Below is a block of records; reproduce all of them exactly and leave out any pictures.

◆ ◆ ◆ ◆

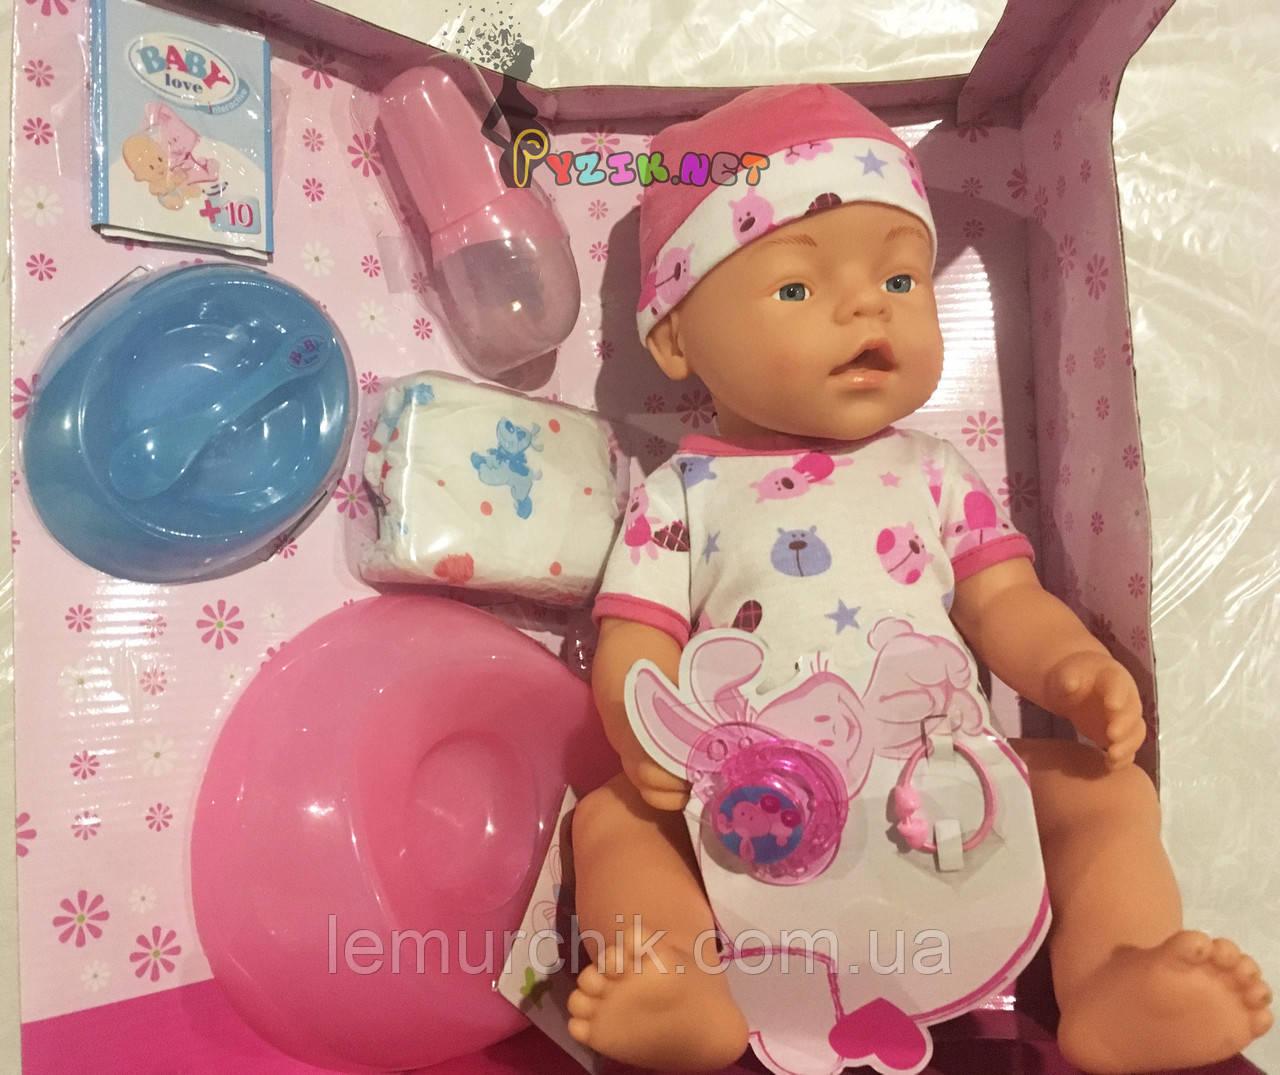 Кукла-пупс Baby born с аксессуарами, 6 функций
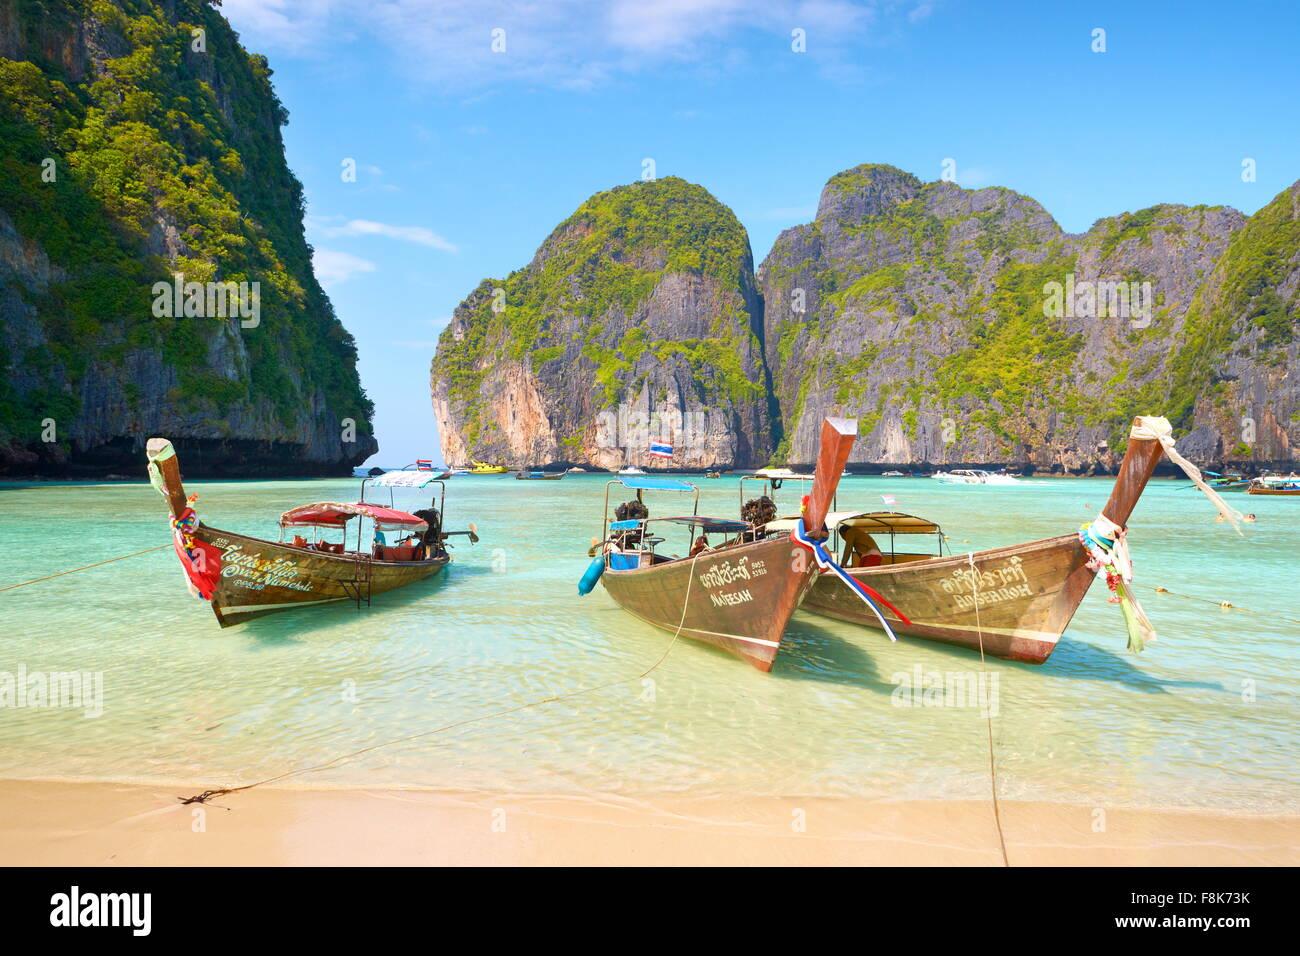 Tailandia playa tropical, Maya Bay, Phi Phi Leh, la Isla del Mar de Andaman, Asia Imagen De Stock
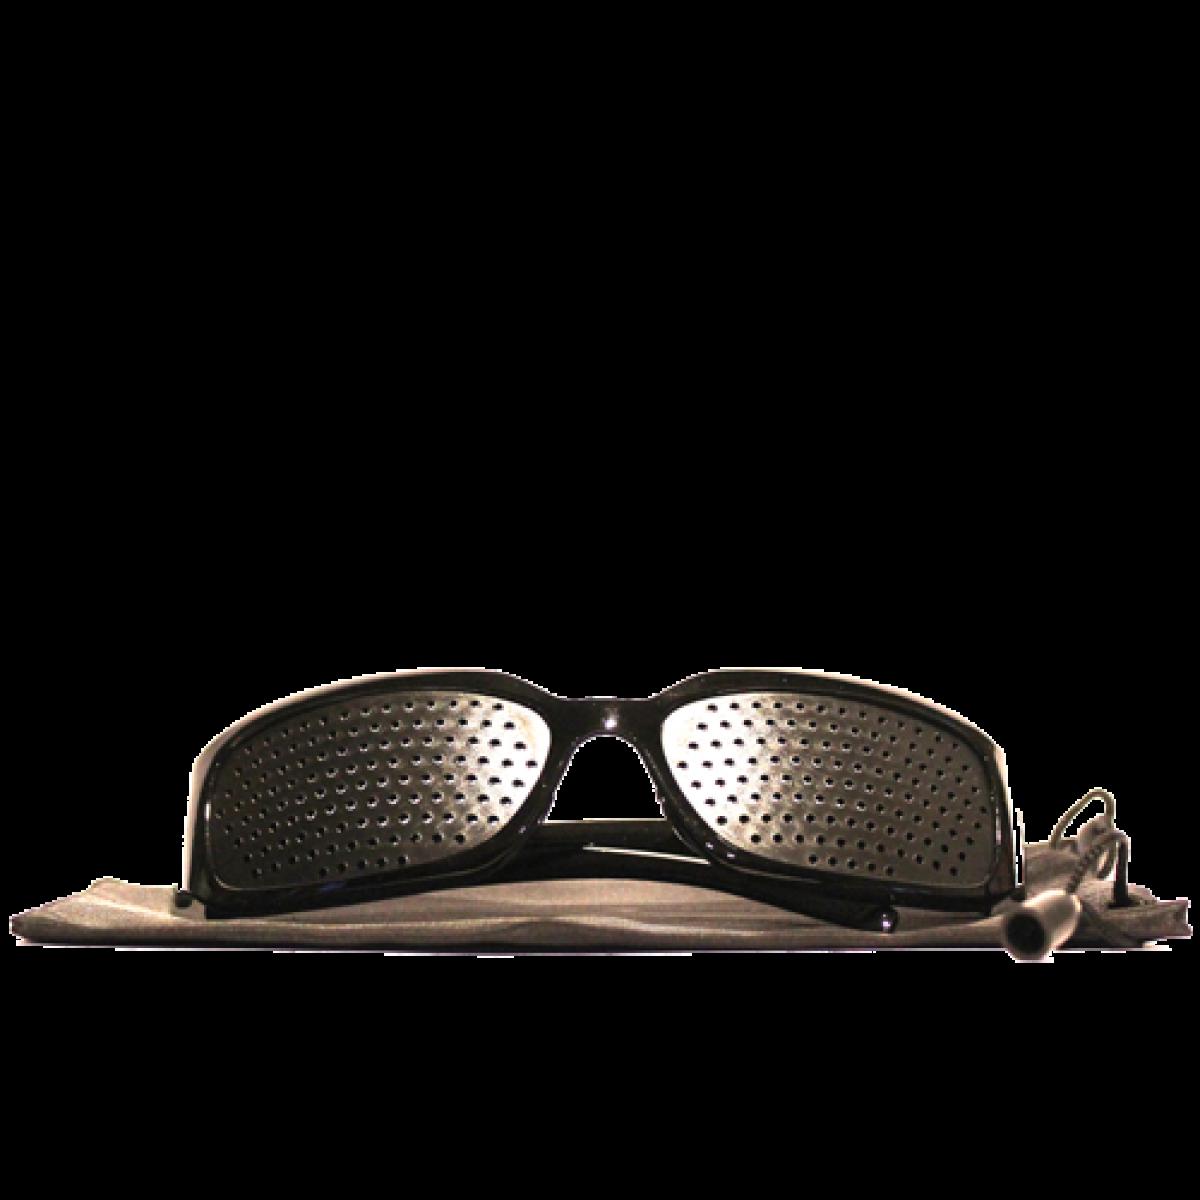 Pinhole Glasses - Health Technologies
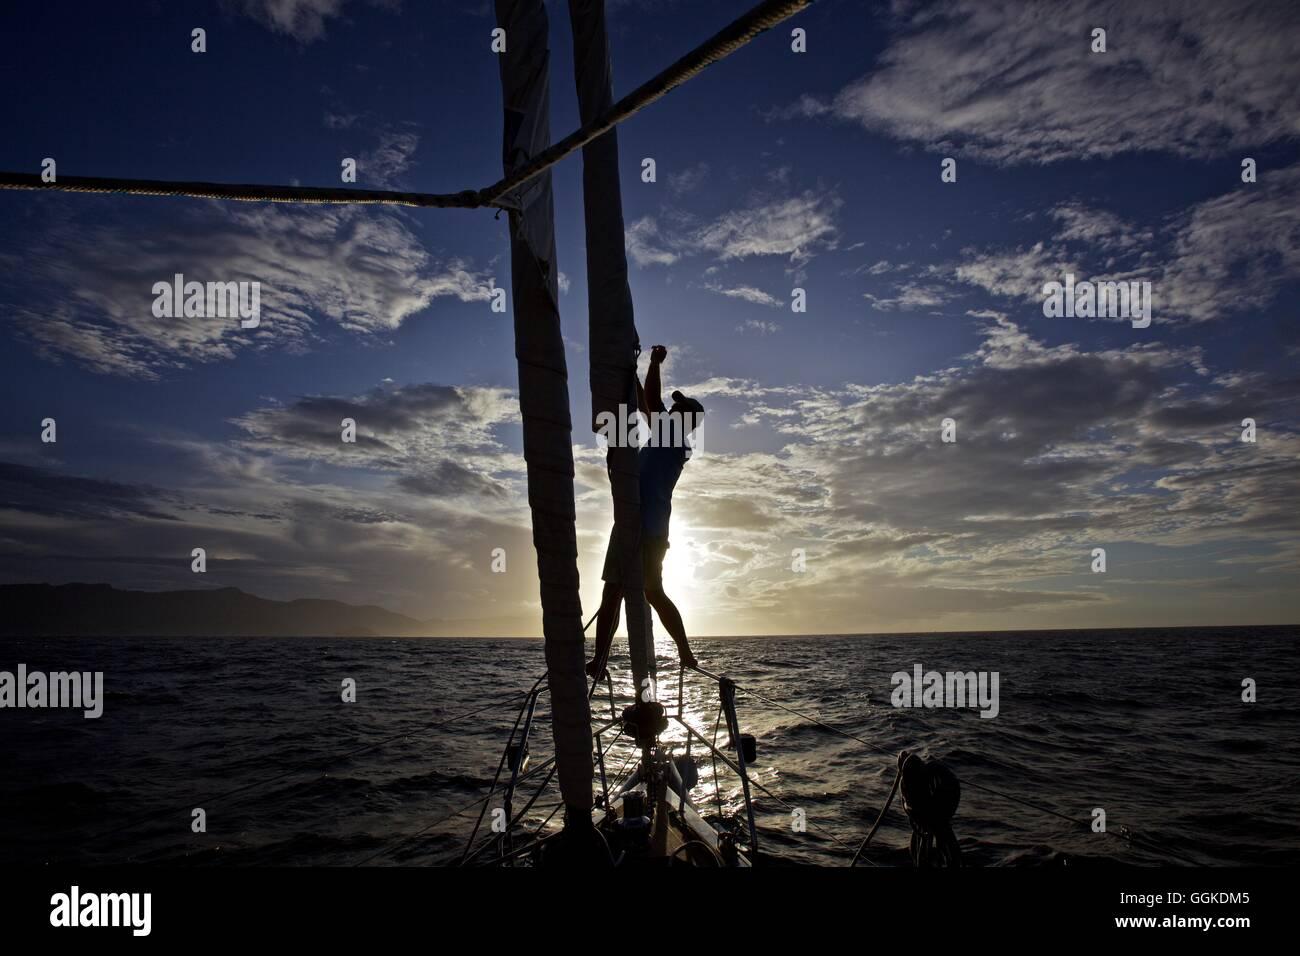 Yachtsman binding back the headsail at sunset, Genoa, Liguria, Italy - Stock Image
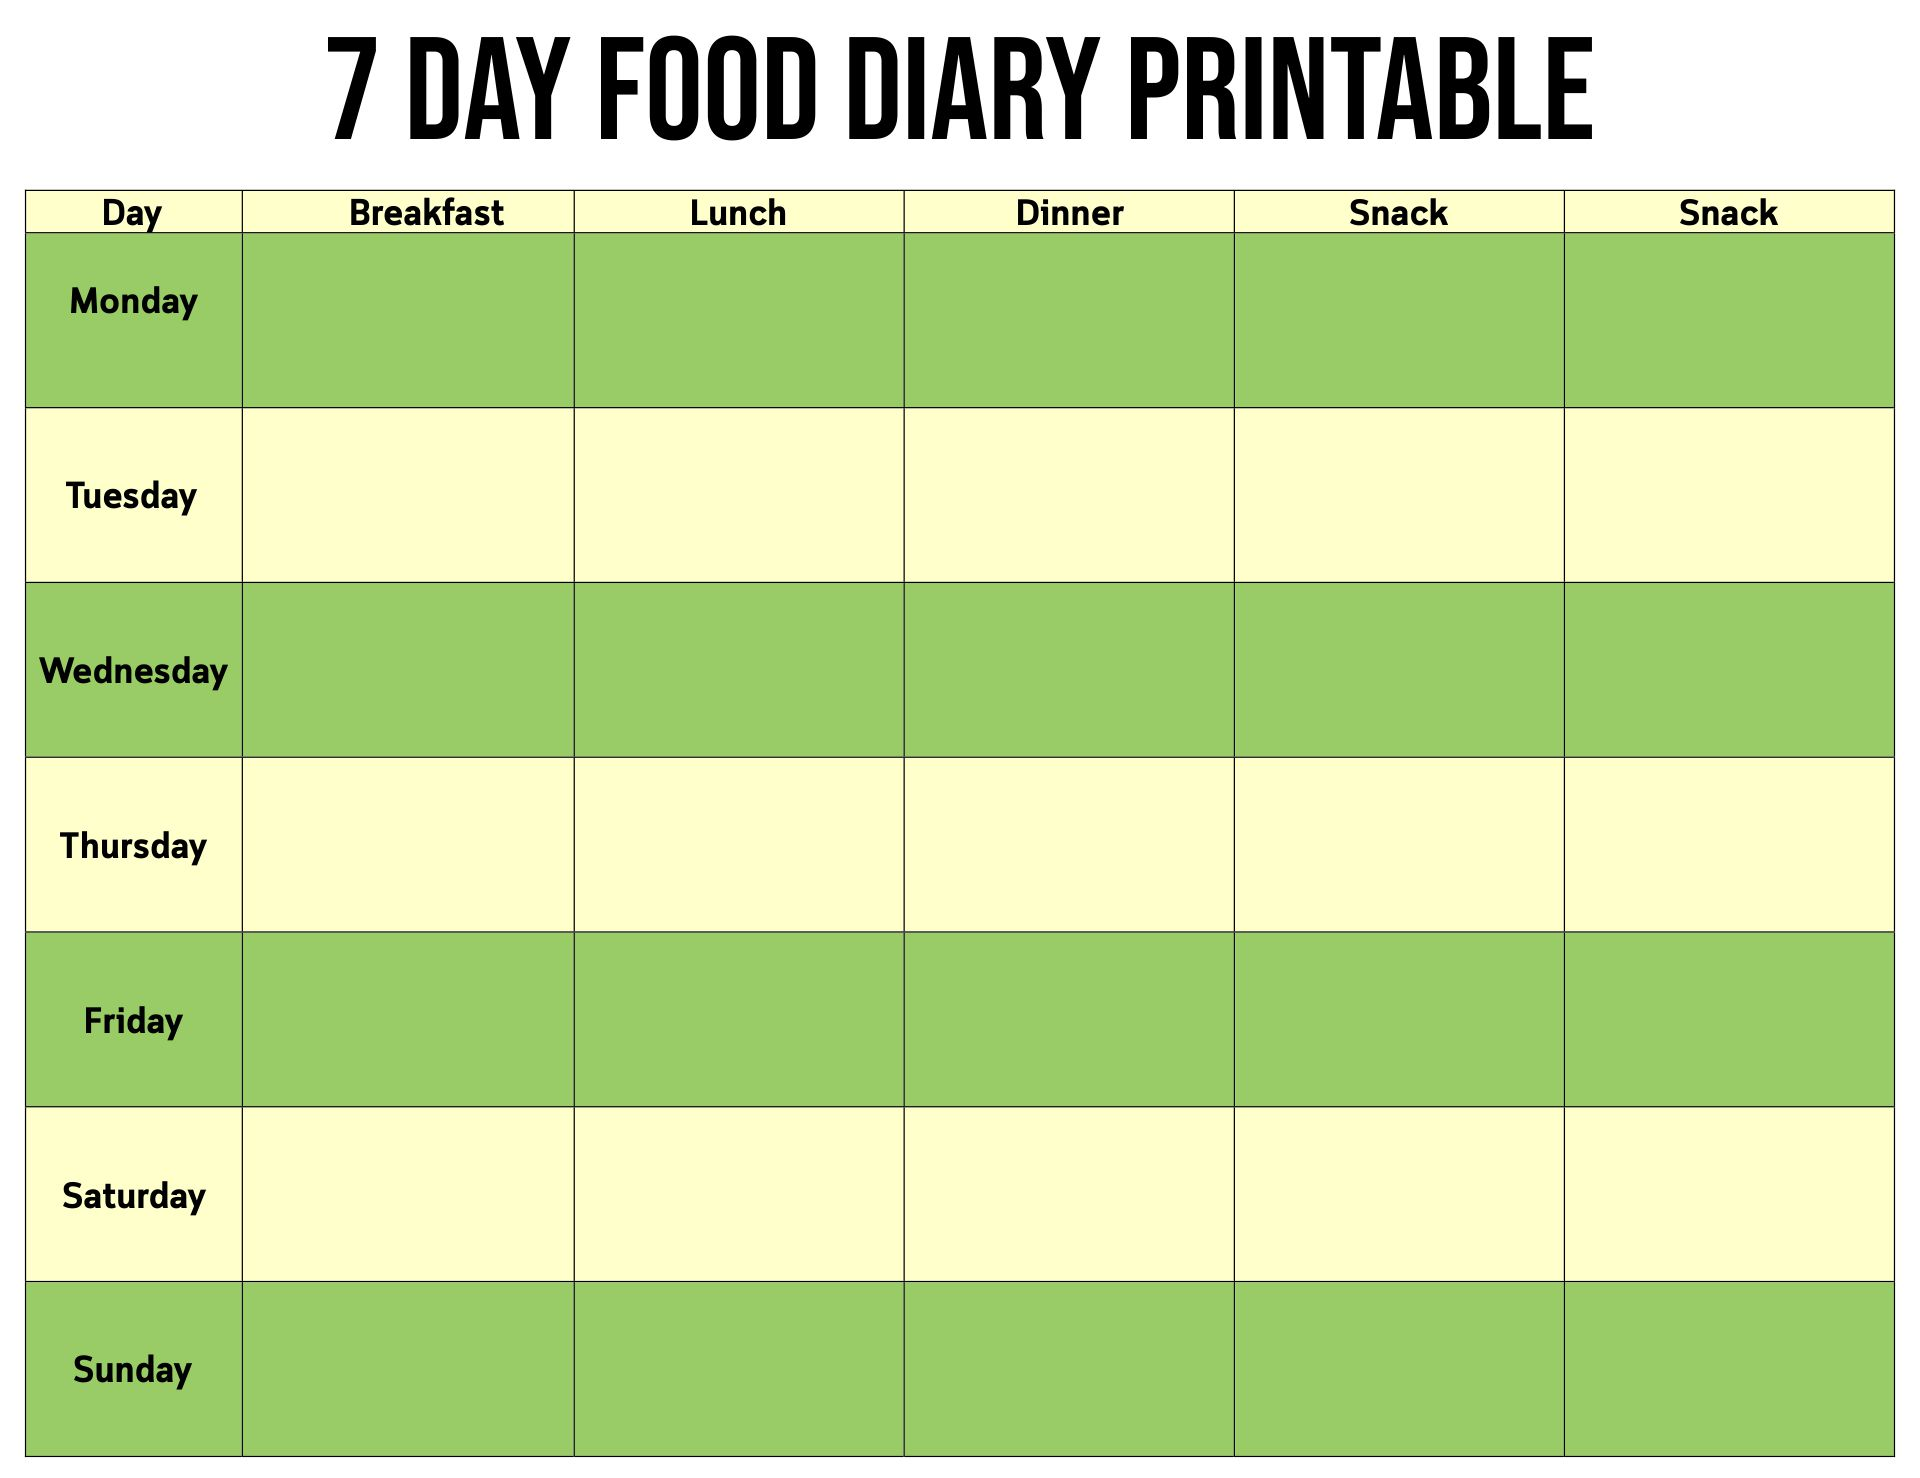 7-Day Food Diary Printable

◆ ◆ ◆ ◆

* **TASK ANSWER**:
 Кукла-пупс Baby born с аксессуарами, 6 функций
 Tailandia playa tropical, Maya Bay, Phi Phi Leh, la Isla del Mar de Andaman, Asia Imagen De Stock
 Pinhole Glasses - Health Technologies
 Yachtsman binding back the headsail at sunset, Genoa, Liguria, Italy - Stock Image
 7-Day Food Diary Printable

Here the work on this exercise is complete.